The notebook. The foreman's shift log. What was tried. What worked. What was rejected, and why. In supply chain operations, tribal knowledge walks out the door when experienced people leave. The memory layer is the documentation that prevents knowledge loss between sessions. Not a summary - summaries lose precision exactly when precision matters most. A structured record that remembers decisions, not just outcomes.
The perimeter. Safety systems in automated factories exist not because the robot is malicious. The robot is powerful, fast, and has no understanding of context. Light curtains. Emergency stops. Lockout/tagout. Hard limits the machine cannot cross regardless of what the programming says. The software equivalent: boundaries on what the agent can touch, which files it can modify, which systems it can reach. The agent isn't trying to corrupt your production database. It just doesn't know it shouldn't.

Six components. Same six every time. Whether you're building maritime intelligence with Sonar, anomaly detection in a Control Tower, or inventory recognition with Smart Eye.
The agent is one of the six. Not the headline. Not the hero. The arm.
Why the lights aren't off yet
The architecture for this software factory exists. The six components are designed. The bootstrapping sequence follows the same discipline any supply chain professional would use to stage a warehouse automation rollout: one cell first, prove it, gate it, expand.

And the work has started. The first spec clauses are written. The first cycle is queued. The ratchet is ready to run.
But the lights aren't off yet. Tesla didn't start with the alien dreadnought. They started with one automated cell - stamping, then welding, then paint. Proved each station could run unattended. Learned the hard way that full automation without proven work instructions produces expensive scrap. Then they added the next cell. Then the next. The Gigafactory today is lights-sparse: heavily automated production with humans where judgment still matters.
The gates are measurable. Not vibes. The cell doesn't graduate until fifty cycles pass with quality above eighty percent. The second product line doesn't start until the first is at full pass rate. Overnight unattended runs for a full week before the orchestration layer expands.
As practitioners we recognise this. Pilot-then-scale. Phased rollout. The exact same governance you'd apply to a new WMS deployment or an ERP migration. The rigour isn't optional - it's what separates a factory from a hobby.

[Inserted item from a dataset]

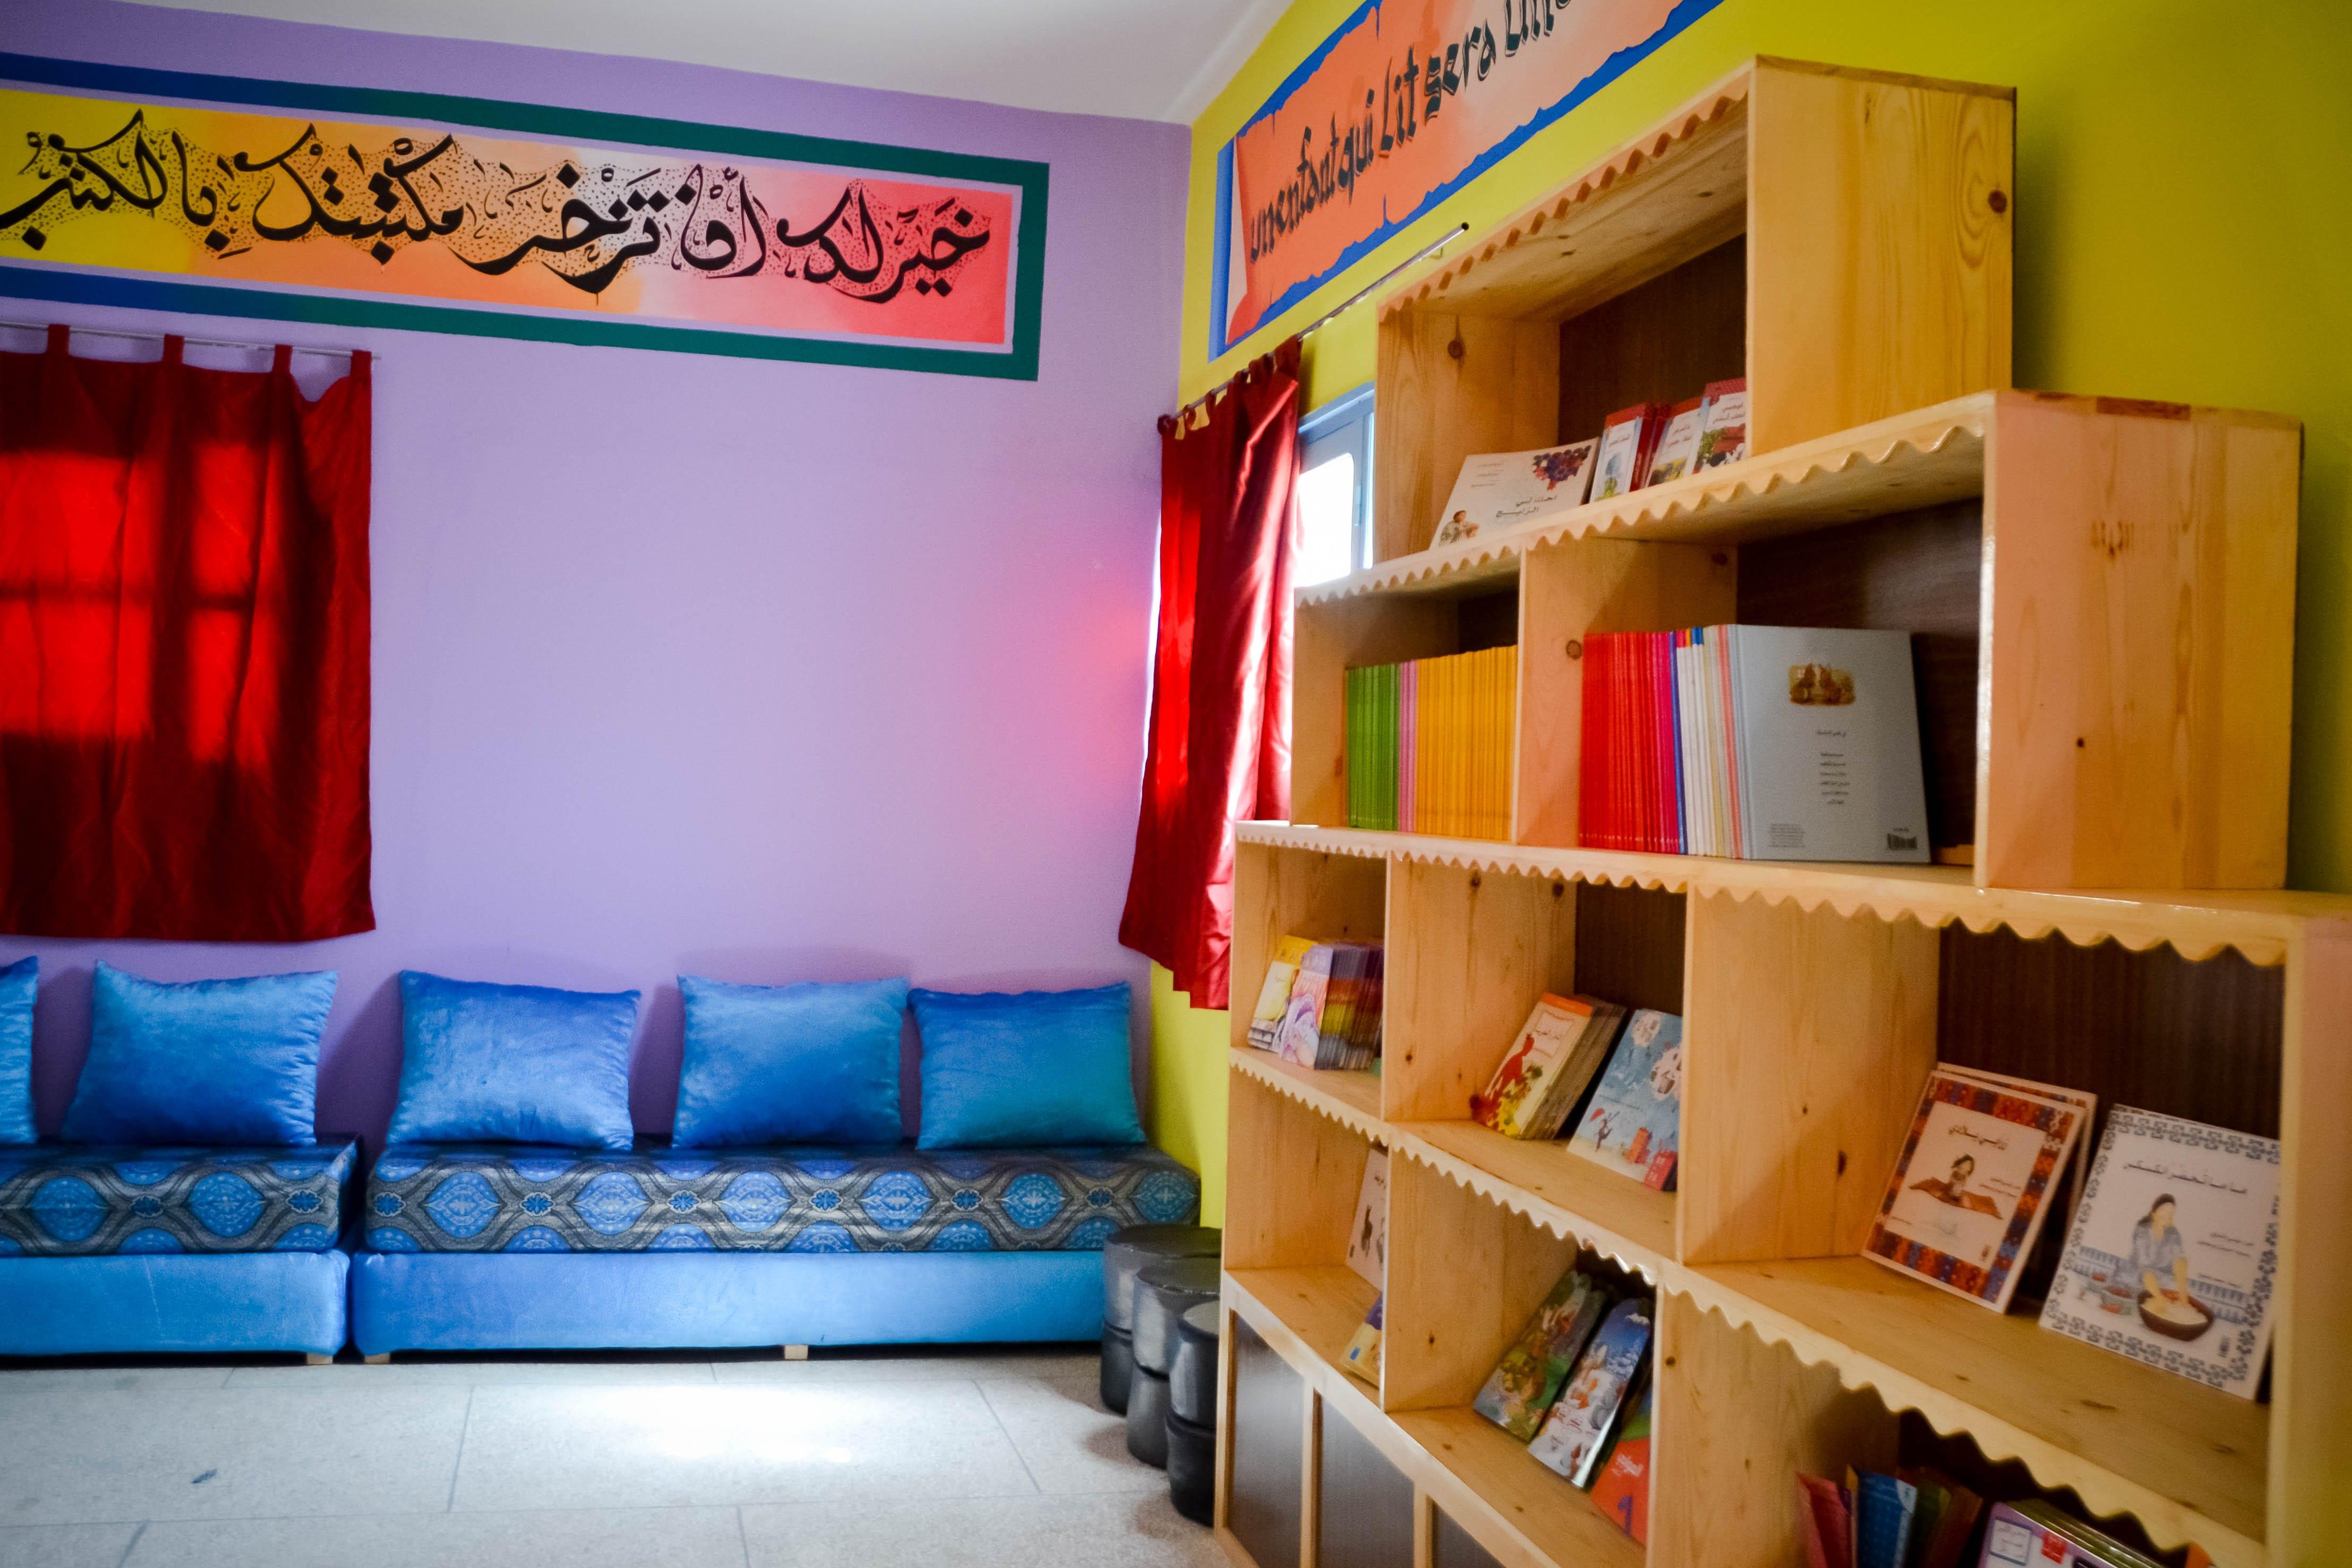 enfants du d sert apprendre lire crire compter un. Black Bedroom Furniture Sets. Home Design Ideas
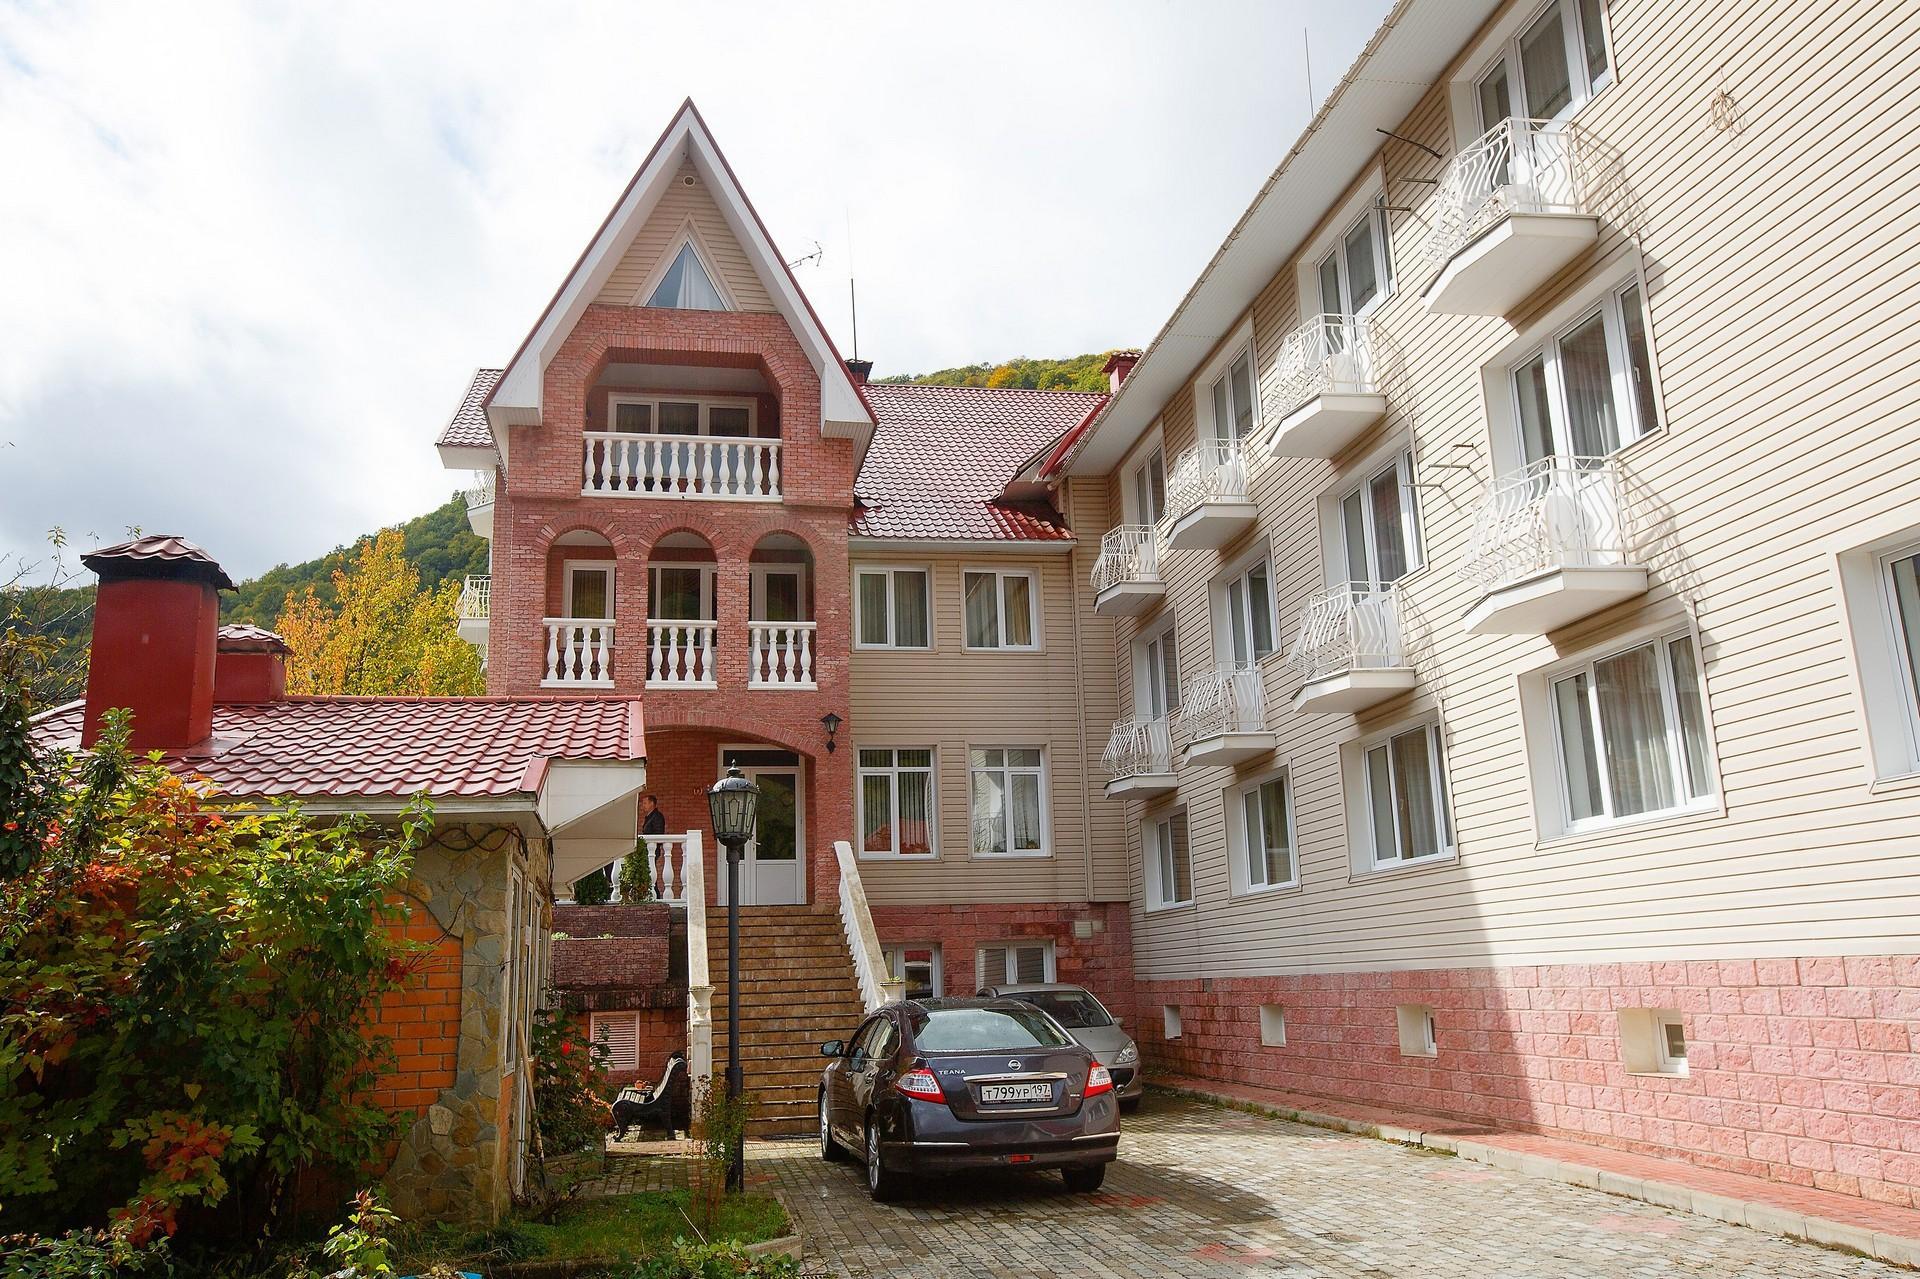 Уютная Вилла в Красной Поляне - image Uyutnaya-Villa-v-Krasnoj-Polyane-1 on https://bizneskvartal.ru

The four remaining Control Tower modules. The next version of Smart Eye. Whatever comes after that. All of them should come off the same production line, built from a spec, inspected by a twin, remembered by a notebook, bounded by a perimeter.
I'll keep posting how the factory actually performs against those real projects. Not the architecture. The results. How many cycles ran overnight. What the pass rate looked like in the morning. Where the spec was too vague and the agent built the wrong thing correctly. Where the ratchet worked and where it didn't.
The lights go off on the factory floor. The control room stays lit and CLADS (Closed Loop Autonomous Development System) uploaded to my GitHub and is ready for deployment to my VPS. Experiment continues.